The Whitney Museum of American Art has finalized plans to construct a new building in the Meatpacking District.  The building, set to be completed in 2015, will be larger and more accommodating than the Whitney's current site in the Upper East Side, proponents of the project said.

The Whitney Museum's board voted unanimously Tuesday evening to build the second museum in the Meatpacking District.  “Downtown is a new city, a new nation," Whitney Chairman Emeritus Leonard A. Lauder told the Times.  "Why shouldn’t the Whitney be the museum of record there?”

Although the museum had been looking to expand in its current location since the 1980s, the decision to build downtown effectively closes any such discussions. It will maintain its lease and some collections at its signature building, the Breuer on East  75th Street, but could perhaps end up sharing the space with the Metropolitan Museum of Art.  Discussions between the two museums are already underway.  

Lauder had been expected to oppose the move; in 2008 he donated $131 million to the Whitney with the requirement that the museum keep the Breuer Building "for the forseeable future," according to the Times.

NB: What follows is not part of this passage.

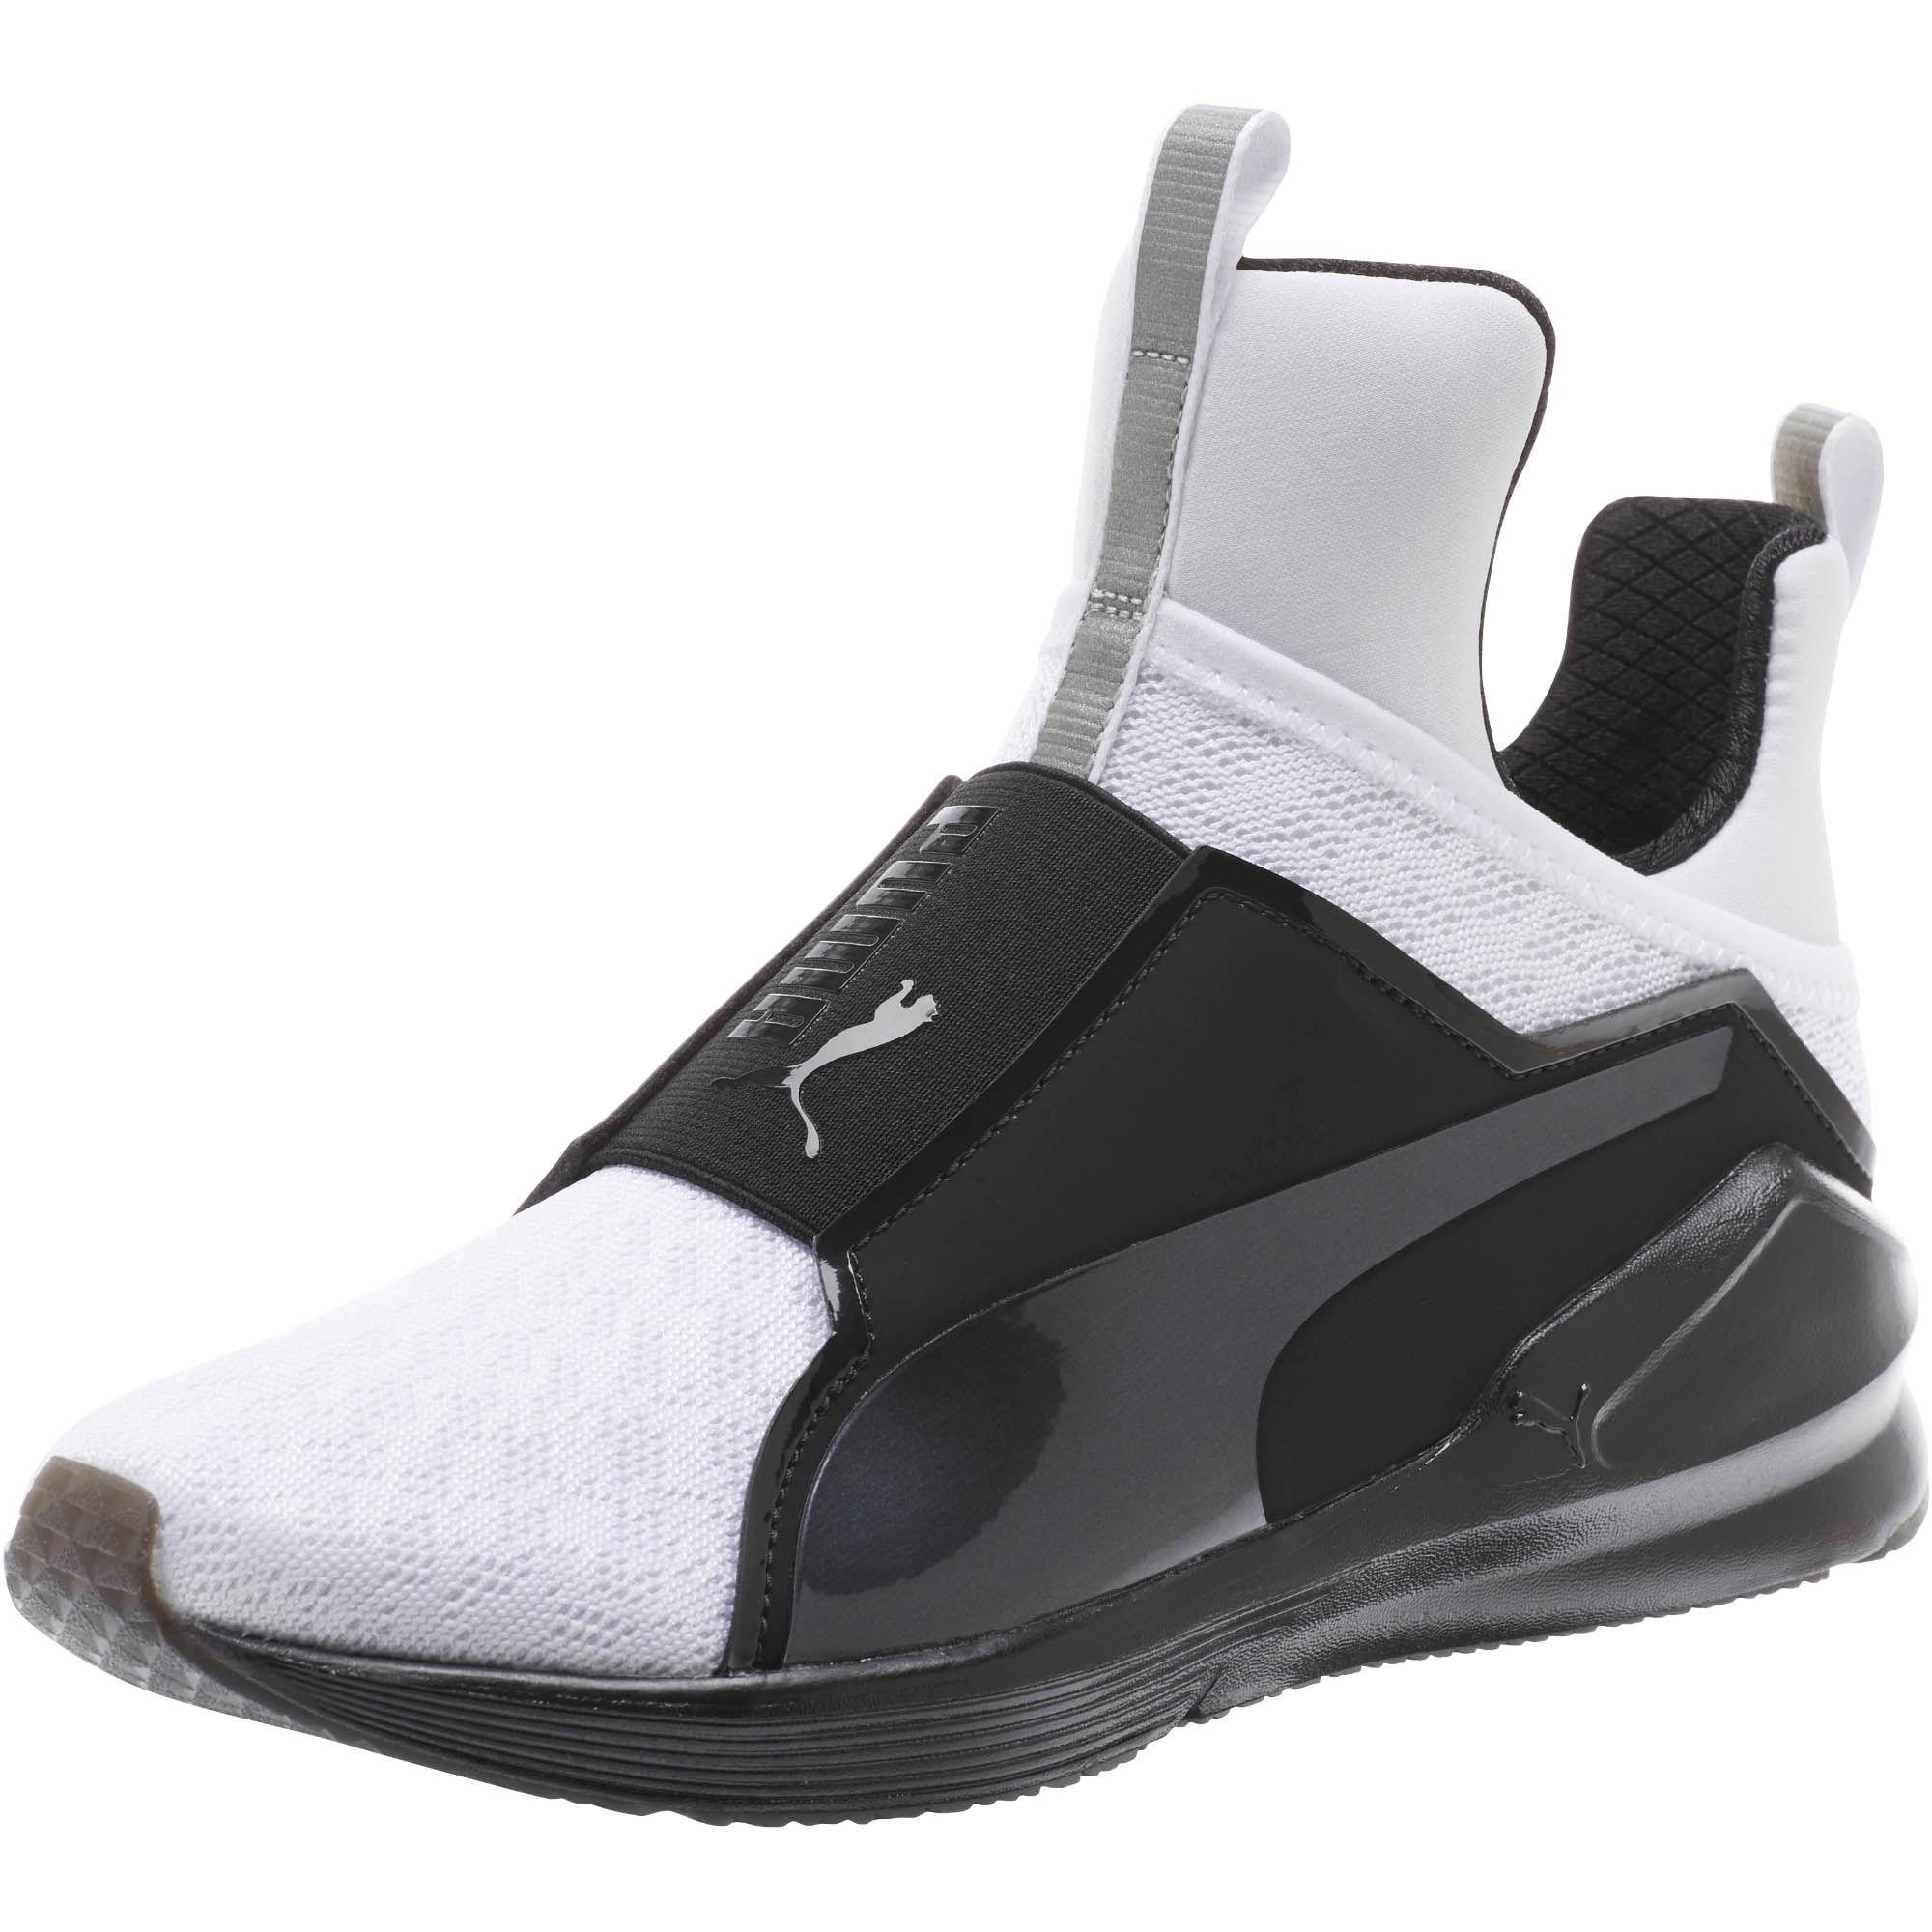 brand new 2ec76 3d5ef Black Fierce Varsity Women's Training Shoes

“There is a new generation of people who have come on the board who are not rooted to the past...It would be unfair for someone like me who grew up near the Whitney to believe it should stay there," Lauder told the Times, adding, “there is no better time to build than now, with construction costs and interest rates at an all-time low.”

A partnership between the Whitney and the Met would be timely for the latter museum, as it plans to renovate its modern art galleries and would greatly benefit from extra space to house its pieces, Director Thomas P. Campbell told the Times.  The Whitney would also benefit financially from such an arrangement as it embarks on its newly decided construction project.